Lao PDR: An Exemplar in Malaria Subnational Tailoring
Authors: Saysana Phanalasy, Xaypaseut Syhavong, and Mahesh Paudel
Research Brief
Between 1997 and 2024, malaria cases in Lao PDR declined from 462,000 to just 342. A key driver of this success was the use of local data and contextual information to tailor interventions to specific areas, a concept known globally as subnational tailoring (SNT), which optimizes impact on disease transmission. As case counts fell, the World Health Organization (WHO) launched a regional elimination strategy for the Greater Mekong Subregion in 2015, setting a target of eliminating all malaria species across the region by 2030. Lao PDR then leveraged SNT to develop its own National Malaria Strategic Plan, aligning national priorities with the regional goal. Two years later, malaria surveillance was integrated into a national digital platform for the first time, an upgrade from the old paper-based system.

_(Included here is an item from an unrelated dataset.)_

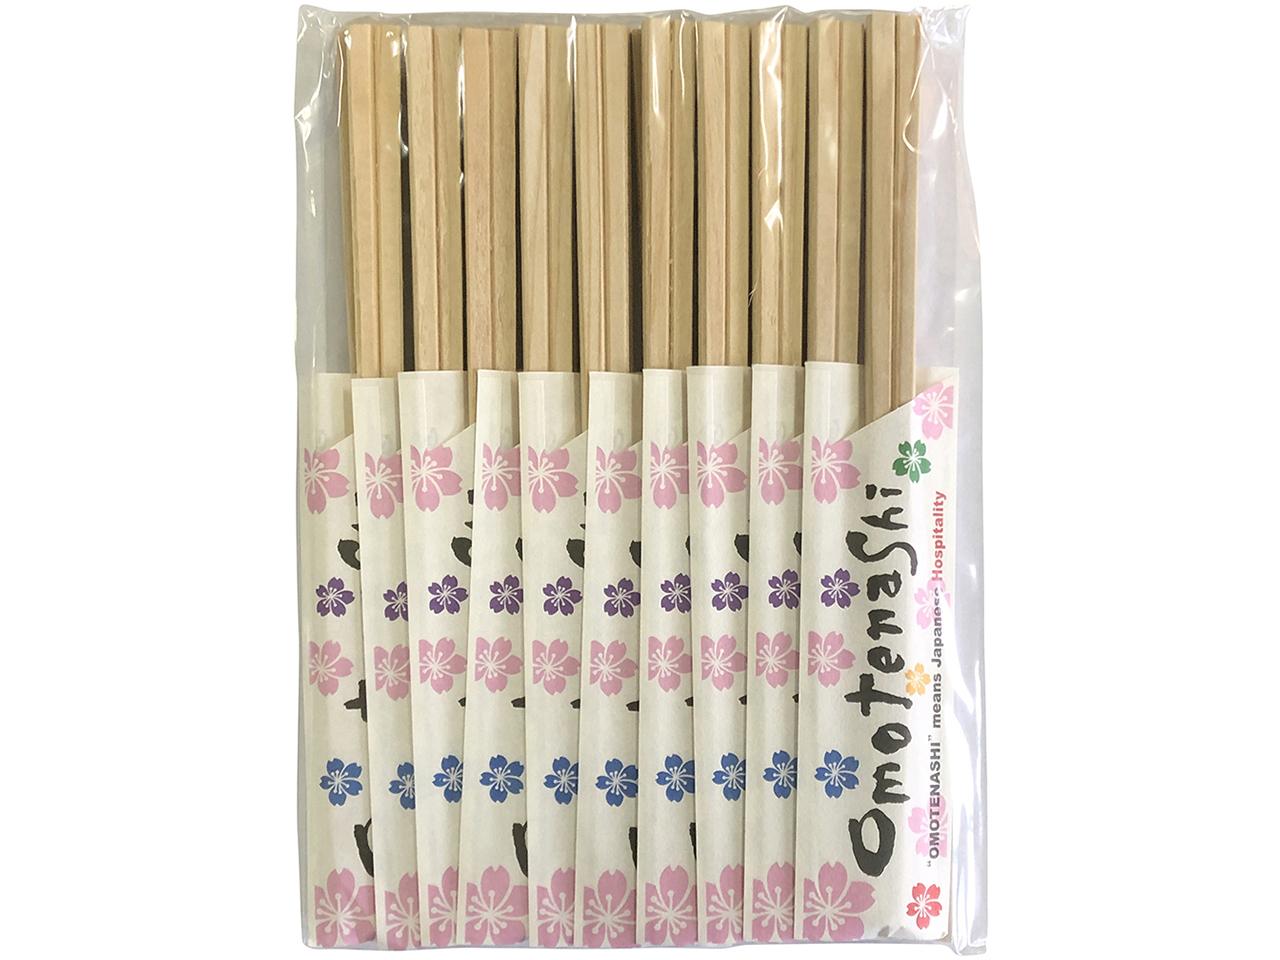 国産ヒノキの割り箸 「おもてなし箸 桧元禄20膳」 ポストIN発送対応商品

Building on a stronger surveillance foundation, Lao PDR conducted a more granular stratification exercise in 2019, which was updated in 2022 and 2024 as the surveillance system strengthened and transmission patterns shifted.
Throughout its stratification and elimination efforts, Lao PDR has adopted several promising practices, including:
- Development of a robust, DHIS2-based digital surveillance system that established a strong foundation for stratification, creating real-time visibility of data at the village level, including individual case tracking.
- External partnerships and collaboration that enabled alignment between partner efforts and national objectives, supporting the development of an adaptive approach to malaria stratification and elimination.
- Targeted district-level strategies that concentrated interventions and case management in specific geographies to ensure resources were directed to where transmission was most persistent.
- Engagement of highly skilled frontline malaria workers who dramatically expanded reach and improved data quality, particularly in mobile, remote, and linguistically diverse communities.
Lao PDR has achieved a dramatic decrease in malaria cases: total confirmed cases fell from 35,888 in 2015 to 342 in 2024 — a decline of over 99% — and malaria deaths also reached zero by 2024. The country's experience demonstrates how granular stratification can guide a malaria program from high burden to near elimination, offering a model for countries navigating the final phase of malaria control.